You can do one of two things:

  1. Call getResources() and iterate through the returned collection of URLs, reading them as manifests until you find yours:

    Enumeration<URL> resources = getClass().getClassLoader()
      .getResources("META-INF/MANIFEST.MF");
    while (resources.hasMoreElements()) {
        try {
          Manifest manifest = new Manifest(resources.nextElement().openStream());
          // check that this is your manifest and do what you need or get the next one
          ...
        } catch (IOException E) {
          // handle
        }
    }
    
  2. You can try checking whether getClass().getClassLoader() is an instance of java.net.URLClassLoader. Majority of Sun classloaders are, including AppletClassLoader. You can then cast it and call findResource() which has been known - for applets, at least - to return the needed manifest directly:

    URLClassLoader cl = (URLClassLoader) getClass().getClassLoader();
    try {
      URL url = cl.findResource("META-INF/MANIFEST.MF");
      Manifest manifest = new Manifest(url.openStream());
      // do stuff with it
      ...
    } catch (IOException E) {
      // handle
    }
    

Solution 2

You can find the URL for your class first. If it's a JAR, then you load the manifest from there. For example,

Class clazz = MyClass.class;
String className = clazz.getSimpleName() + ".class";
String classPath = clazz.getResource(className).toString();
if (!classPath.startsWith("jar")) {
  // Class not from JAR
  return;
}
String manifestPath = classPath.substring(0, classPath.lastIndexOf("!") + 1) + 
    "/META-INF/MANIFEST.MF";
Manifest manifest = new Manifest(new URL(manifestPath).openStream());
Attributes attr = manifest.getMainAttributes();
String value = attr.getValue("Manifest-Version");

Solution 3

You can use Manifests from jcabi-manifests and read any attribute from any of available MANIFEST.MF files with just one line:

String value = Manifests.read("My-Attribute");

The only dependency you need is:

<dependency>
  <groupId>com.jcabi</groupId>
  <artifactId>jcabi-manifests</artifactId>
  <version>0.7.5</version>
</dependency>

Also, see this blog post for more details: http://www.yegor256.com/2014/07/03/how-to-read-manifest-mf.html

Solution 4

I will admit up front that this answer does not answer the original question, that of generally being able to access the Manifest. However if what is really required is to read one of a number of "standard" Manifest attributes, the following solution is much simpler than those posted above. So I hope that the moderator will allow it. Note that this solution is in Kotlin, not Java, but I would expect that a port to Java would be trivial. (Although I admit I don't know the Java equivalent of ".`package`".

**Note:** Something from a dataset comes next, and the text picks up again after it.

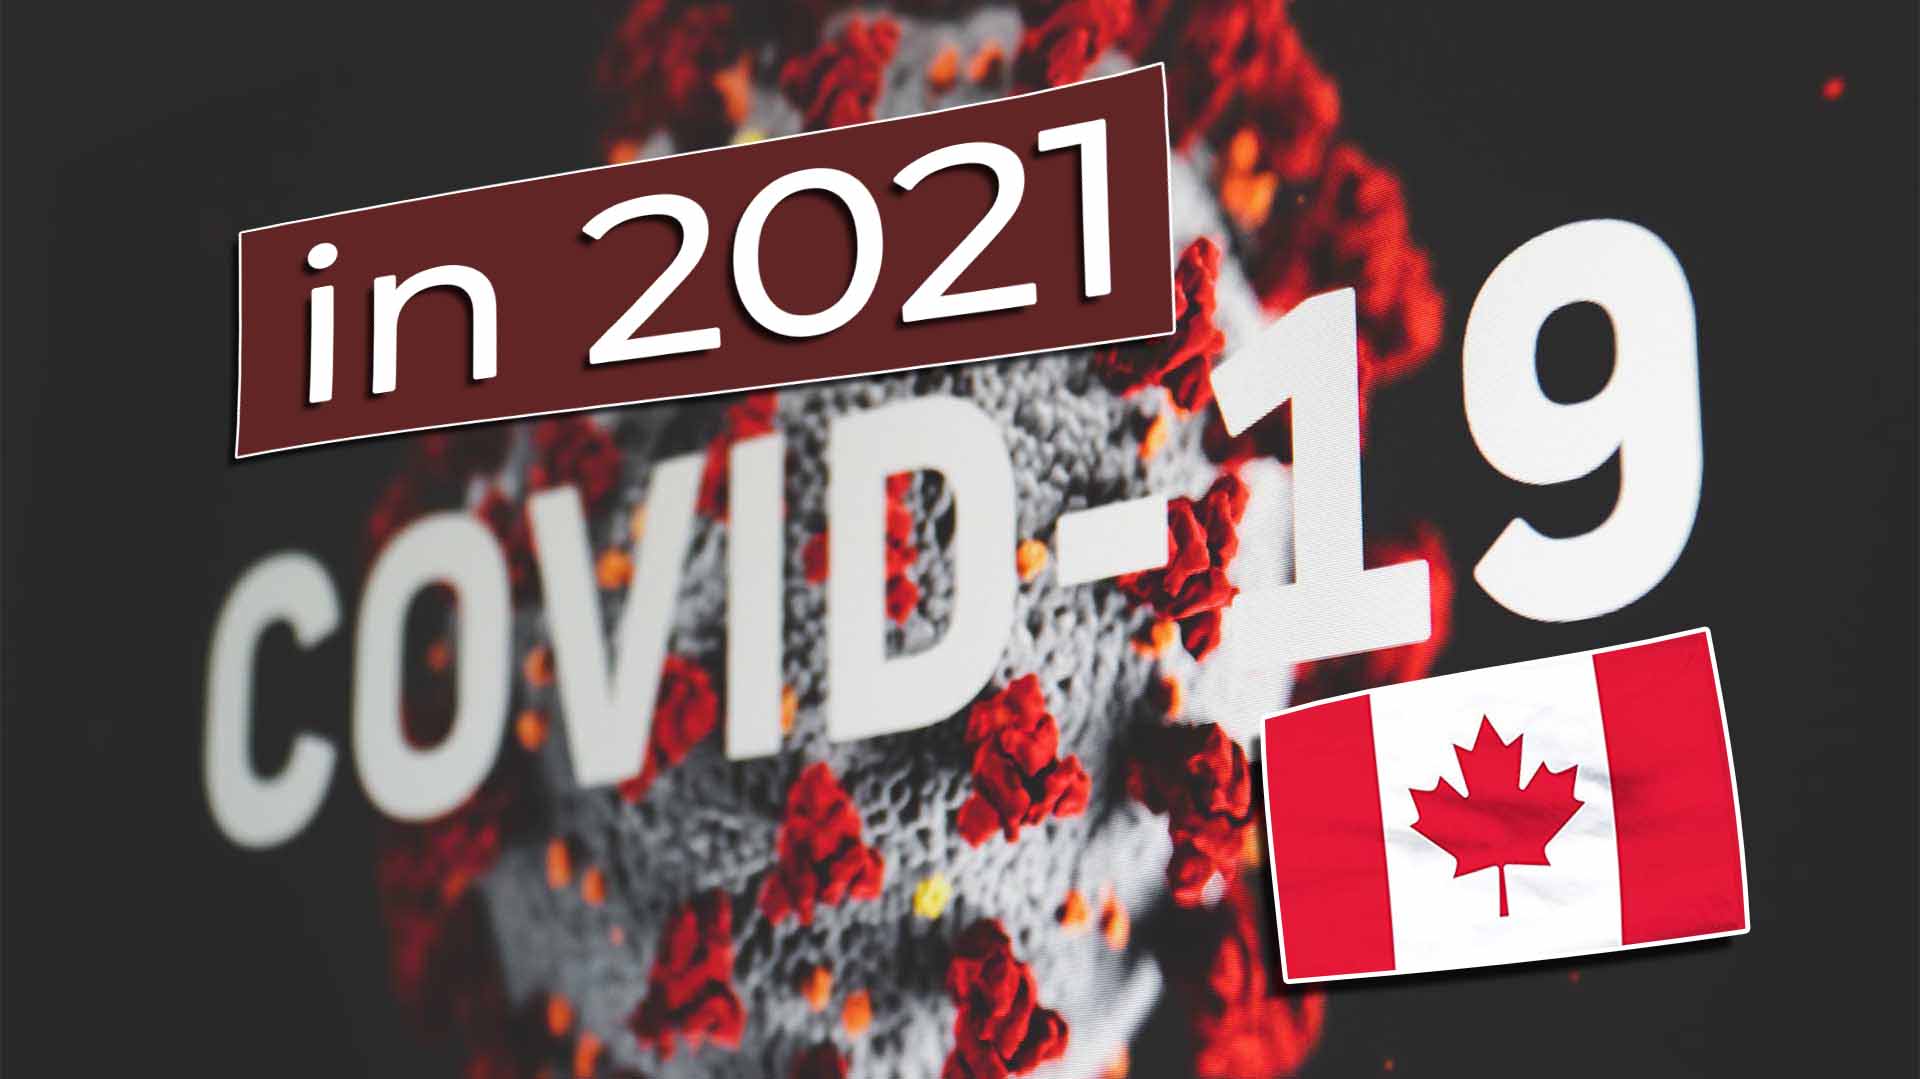 Work and Travel Kanada Coronavirus Covid-19 in 2021 - Cover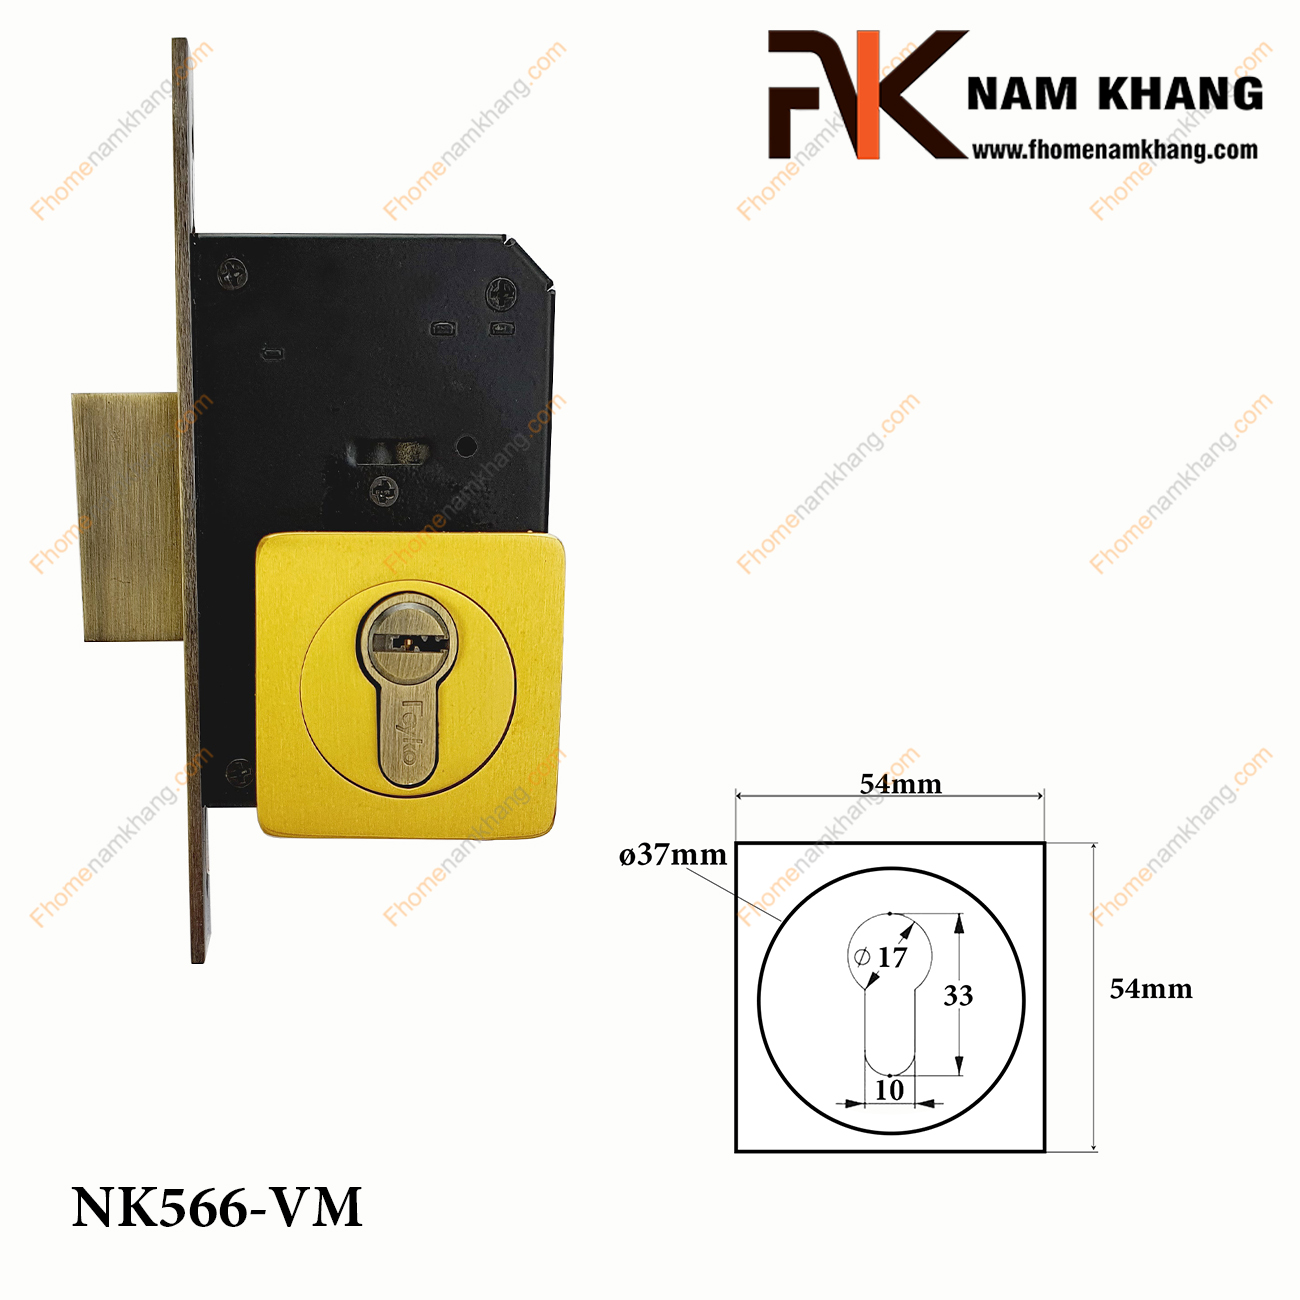 Khóa âm cửa mở bằng đồng cao cấp NK566-VM - dòng khóa cửa nhỏ gọn sử dụng được cho nhiều dạng cửa từ chất liệu gỗ đến nhôm, inox,...Đặc trưng của dòng khóa cửa này ở sự nhỏ gọn, tiện lợi, không quá nhiều chi tiết nhưng vẫn đảm bảo độ thâm mĩ và an toàn cao.

In my case I wanted to read the attribute "Implementation-Version" so I started with the solutions given above to obtain the stream and then read it to obtain the value. While this solution worked, a coworker reviewing my code showed me an easier way to do what I wanted. Note that this solution is in Kotlin, not Java.

val myPackage = MyApplication::class.java.`package`
val implementationVersion = myPackage.implementationVersion

Once again note that this does not answer the original question, in particular "Export-package" does not seem to be one of the supported attributes. That said, there is a myPackage.name that returns a value. Perhaps someone who understands this more than I can comment on whether that returns the value the original poster is requesting.

Solution 5

The easiest way is to use JarURLConnection class :

String className = getClass().getSimpleName() + ".class";
String classPath = getClass().getResource(className).toString();
if (!classPath.startsWith("jar")) {
    return DEFAULT_PROPERTY_VALUE;
}

URL url = new URL(classPath);
JarURLConnection jarConnection = (JarURLConnection) url.openConnection();
Manifest manifest = jarConnection.getManifest();
Attributes attributes = manifest.getMainAttributes();
return attributes.getValue(PROPERTY_NAME);

Because in some cases ...class.getProtectionDomain().getCodeSource().getLocation(); gives path with vfs:/, so this should be handled additionally.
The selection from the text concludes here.